The mud sucked at Wilson's feet as he walked toward the derrick. A narrow ladder ran up along the scaffolding to the tower. The first few rungs didn't bother him because he was too busy watching the big yellow block that held the drill shaft. The block was at least twenty feet high. Everything there seemed outsized. Looking down, he thought he recognized Lyle Barch. He had heard Lyle was working on one of the rigs and was sorry it was this one.

Wilson's hands were getting sweaty and he was having trouble getting his breath. Heights always made him queasy. The only way he could bring himself to continue up the ladder was to stare hard at the rung right in front of his eyes, study all the shades of gray and brown and black in the metal, really look at it as though it were a painting or something he had to memorize. If he looked up toward the top of the tower or down to the receding ground, he got panicky.

When he finally pulled himself onto the platform, he was horrified to see the floor was nothing more than a strip of metal grating. You could look down between the slats a hundred feet to the ground.

“Welcome to the ‘Top of the Rig,' gourmet lunches and dinners, bar always open.” T. K. reached into his back pocket, took out a bottle of Jack Daniels, tipped it, and swallowed. He offered it to Wilson, who hastily shook his head, looking over his shoulder as if Pete might be floating around in the air up there watching them.

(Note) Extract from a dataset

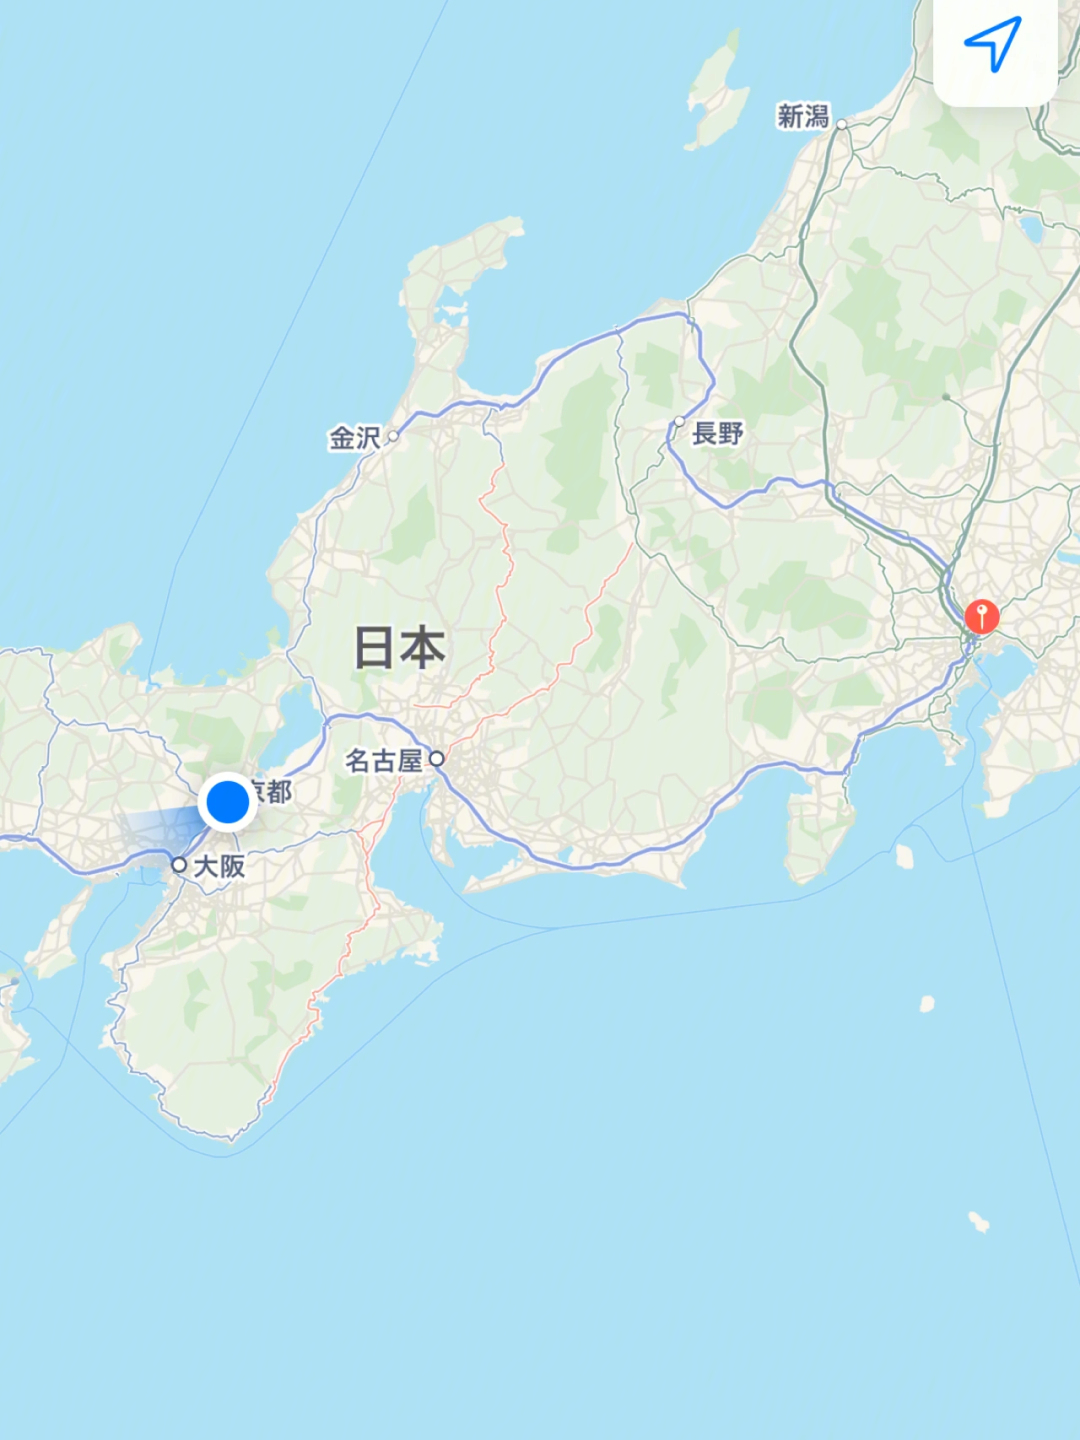 奈良地理位置图片

“What can I do for you, buddy?” He shifted the last piece of pipe out of its slot and looked like he was getting ready to start down.

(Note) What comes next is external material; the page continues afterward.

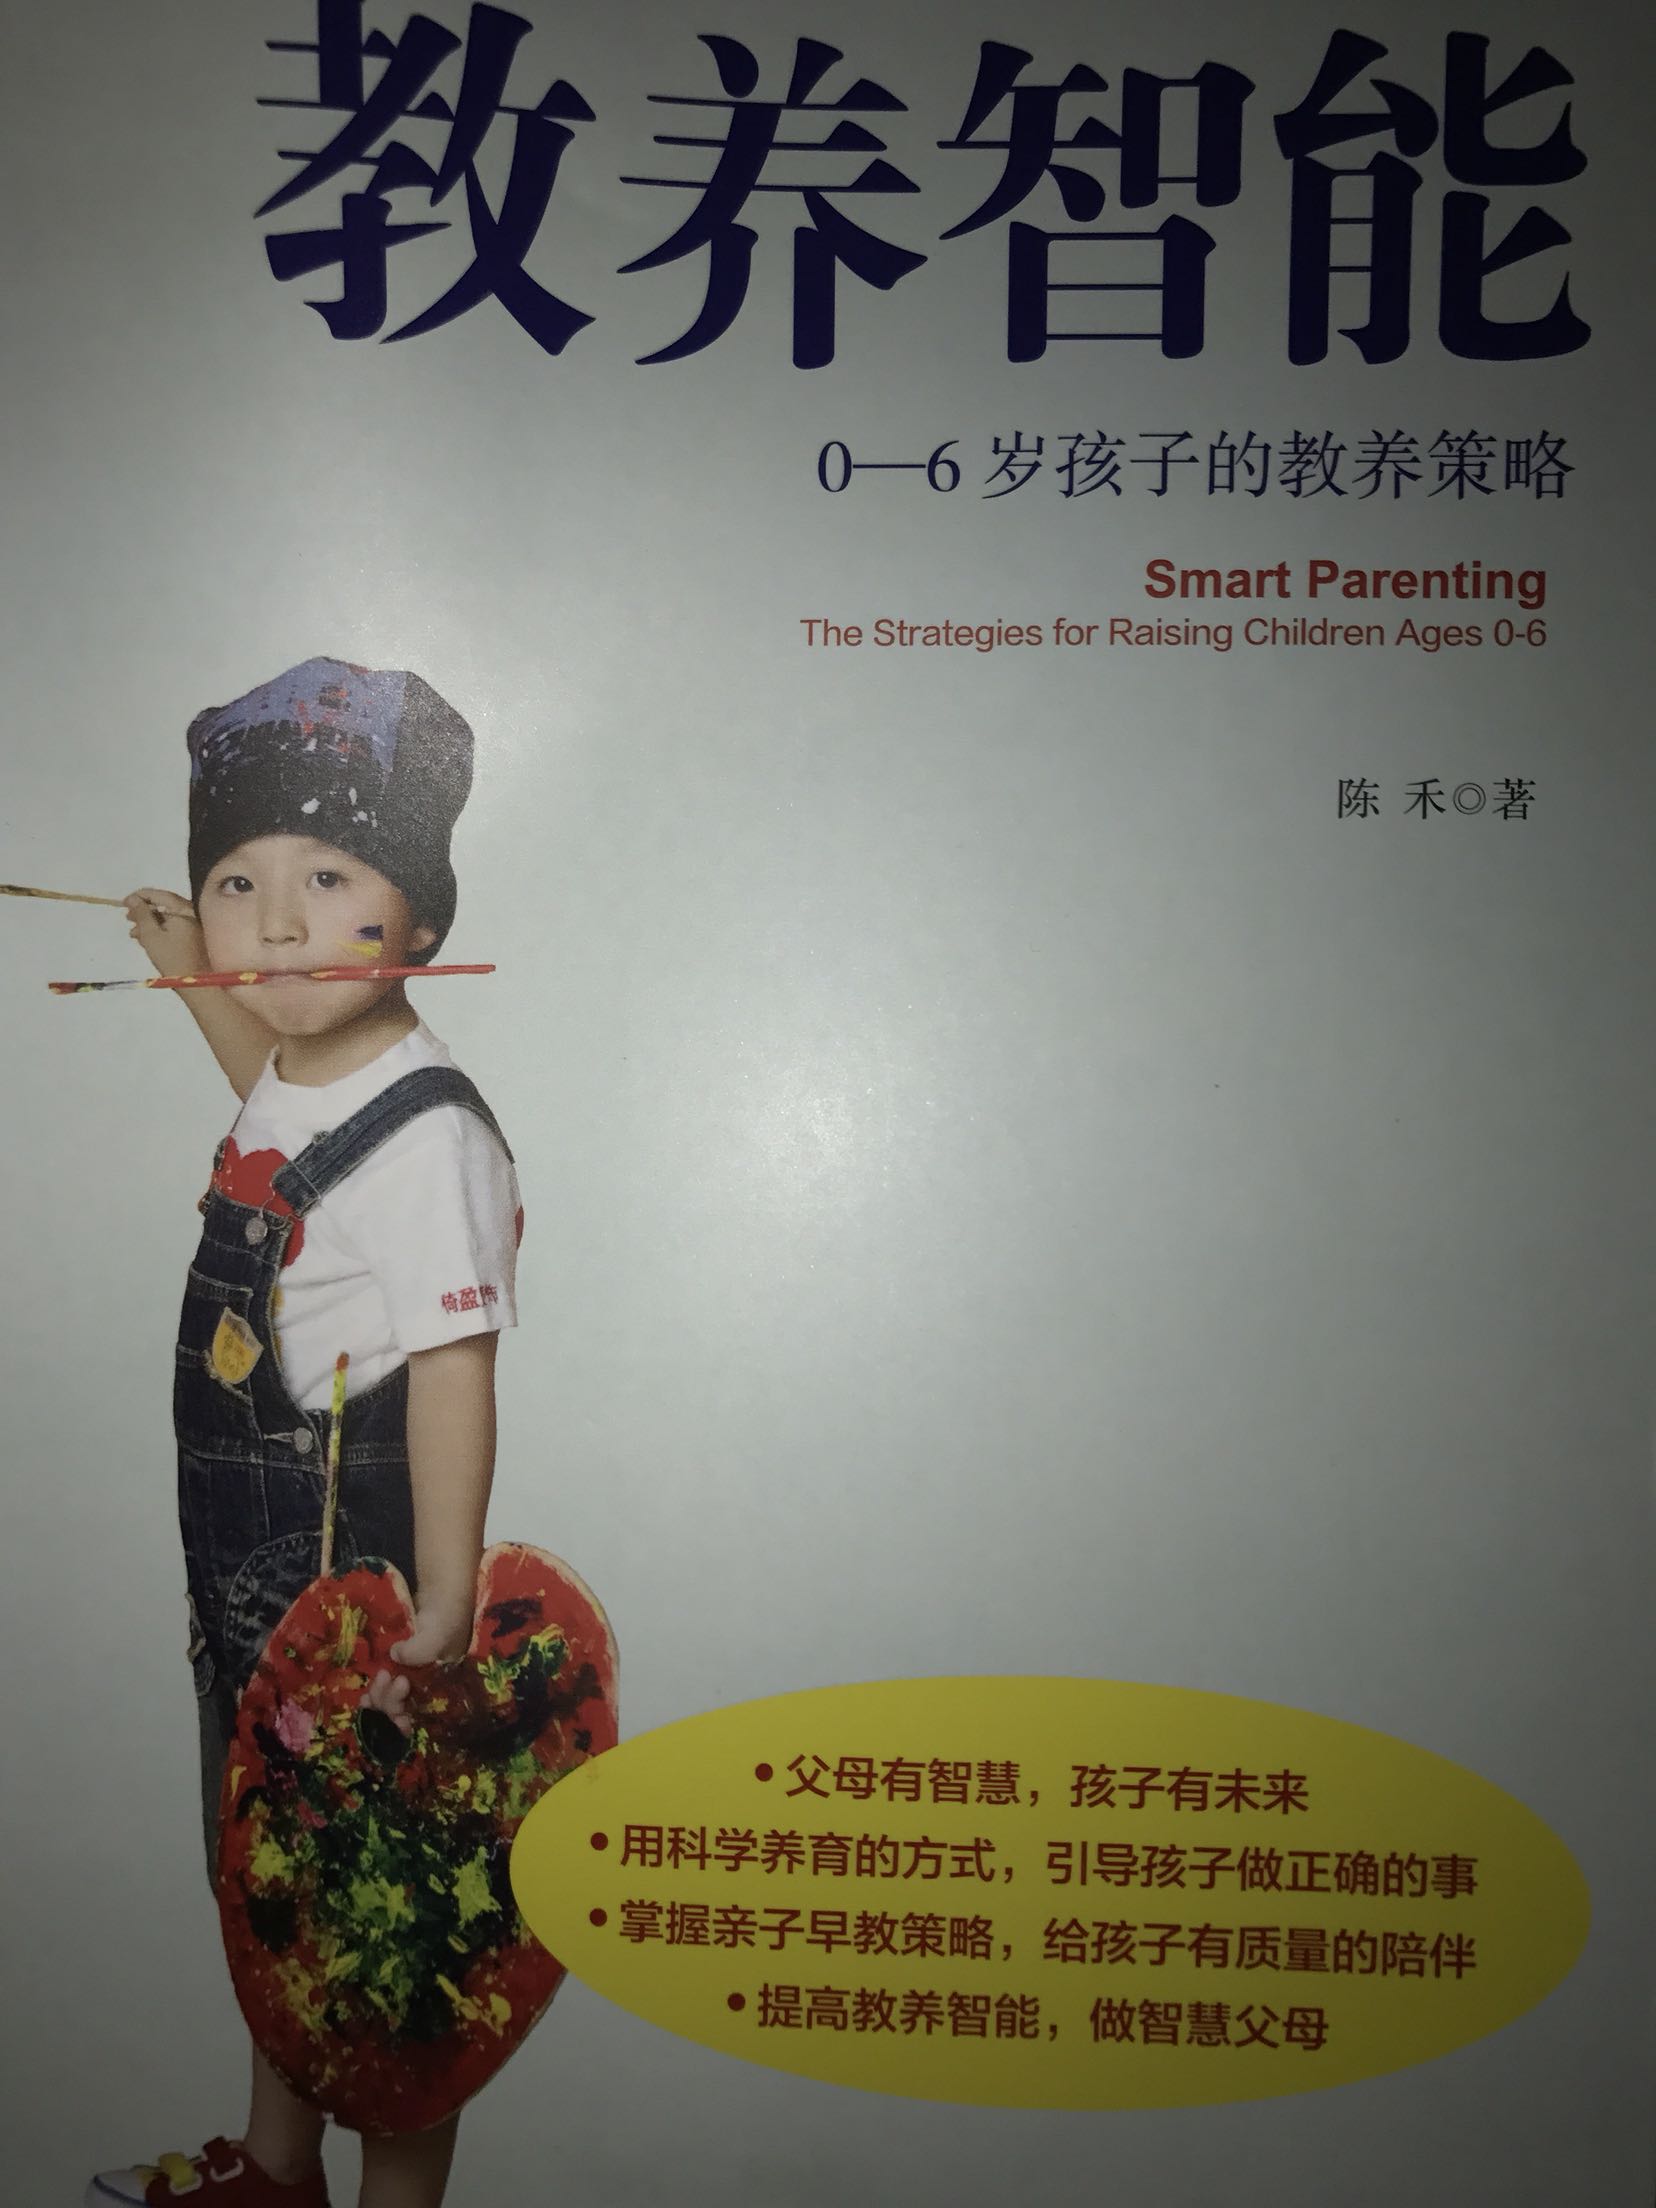 平时就会看陈禾的微博，终于下手买了这本书，喜欢陈爷爷的风格。

He was tall—six-feet-four or-five. Wilson felt like Jack climbing the beanstalk and meeting the giant. Would he leave him here alone? Wilson grabbed the railing and managed to answer the man. “Pete told me to report to you, then go right down and work with Ferrelli.” The lighting up here was strange; the red glow from lights along the side of the derrick gave everything an unearthly look.

“Ferrelli? Hell, we could use a man with us. Well, since you're up here, I'll give you the five-dollar tour. Next time be sure you wear a safety belt. Heard the score on the baseball game?”

Wilson looked dumbly at him, too frightened to hear anything, but T. K. didn't seem to notice and went right on talking in a friendly way. “That crazy pitcher the Tigers got—the Bird—I'd give a lot to get down to Detroit and see him. Working this shift, I don't even get to see him on TV.”

Shouting over the noise, T. K. started to explain what he was doing. Wilson kept nodding, but he wasn't listening. He was so scared standing way up there on the platform that he wished he were dead.

Finally T. K. shut up. Thank heaven he was going down first, so there would be something between Wilson and the ground. But when Wilson tried to follow, he couldn't make himself put his foot on the first rung. Then he saw the space between himself and T. K. grow greater and fear of making the trip down by himself got him started. Once they reached the ground, T. K. said he'd see Wilson later and took off toward a pile of casing. Wilson stood there shaking, wiping sweaty palms on his jeans.

Lyle Barch approached Wilson. “How ya like it up there?” His smile was derisive. “Wait till you get up there on the block.”

“What do you mean?”

“Well, when we got to get up there in a hurry, we just hang on to the block and ride it right up to the top of the tower, like an elevator.”

An elevator without any floor or sides, Wilson thought gloomily. He could tell Lyle was enjoying the effect his words were having.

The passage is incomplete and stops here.